There are two ways to climb Yggdrasill: Bark-climbing, and crosslimb. There’s also flying, but this group wasn’t smart enough to be born with wings. Crosslimb we did already: leaping and climbing between twigs as we crisscrossed our way up the thickets, shooting grappling hooks to other branches. It’s a complex game, working out a path in a maze of countless, obfuscating twigs. Bark-climbing, meanwhile, is as simple as falling to your death.

“Hurry up, Crow! Pull out those pitons!” Njord was standing on the twig above me. He adjusted the belay cord as I climbed, shortening it so I wouldn’t fall far if I did.

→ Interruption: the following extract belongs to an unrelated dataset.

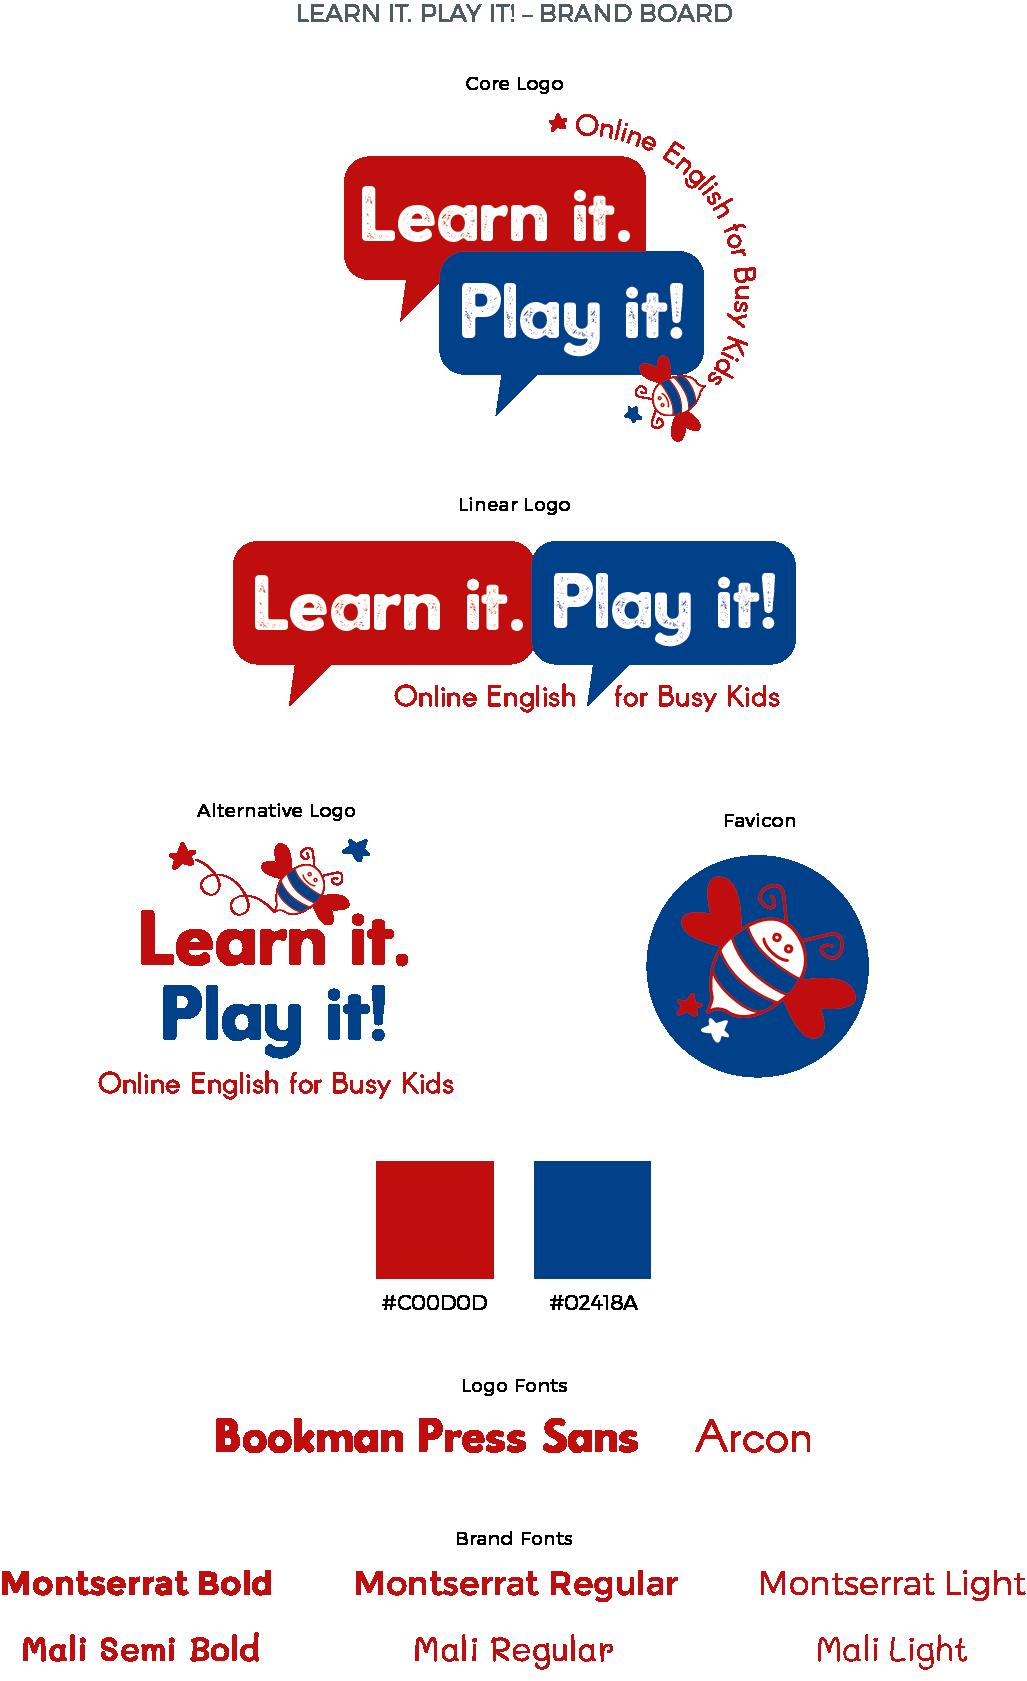 Learn It Play It Brand Board

As to what I was doing, down here: Have you ever struggled to get a nail out, and bent it? Well, have you tried to get a wooden nail out of a tree without breaking it?

“Were you trying to kill the branch?” I called back. This was a joke, as it would take Thor himself to kill the immense Spire-Branch we were scaling. It was like a child of Yggdrasill, a mighty tree in its own right.

Into this god-tree, Njord had hammered in the wooden pitons as if they owed him money.

Clamping the piton with vice-grip pliers, I screwed the vice on tight… then used a crowbar to try and lift it. It popped out like a cork, slipping out of my grip with my pliers.

“Better they’re in too tight than too loose!” Njord excused his incompetence. “And don’t drop them!”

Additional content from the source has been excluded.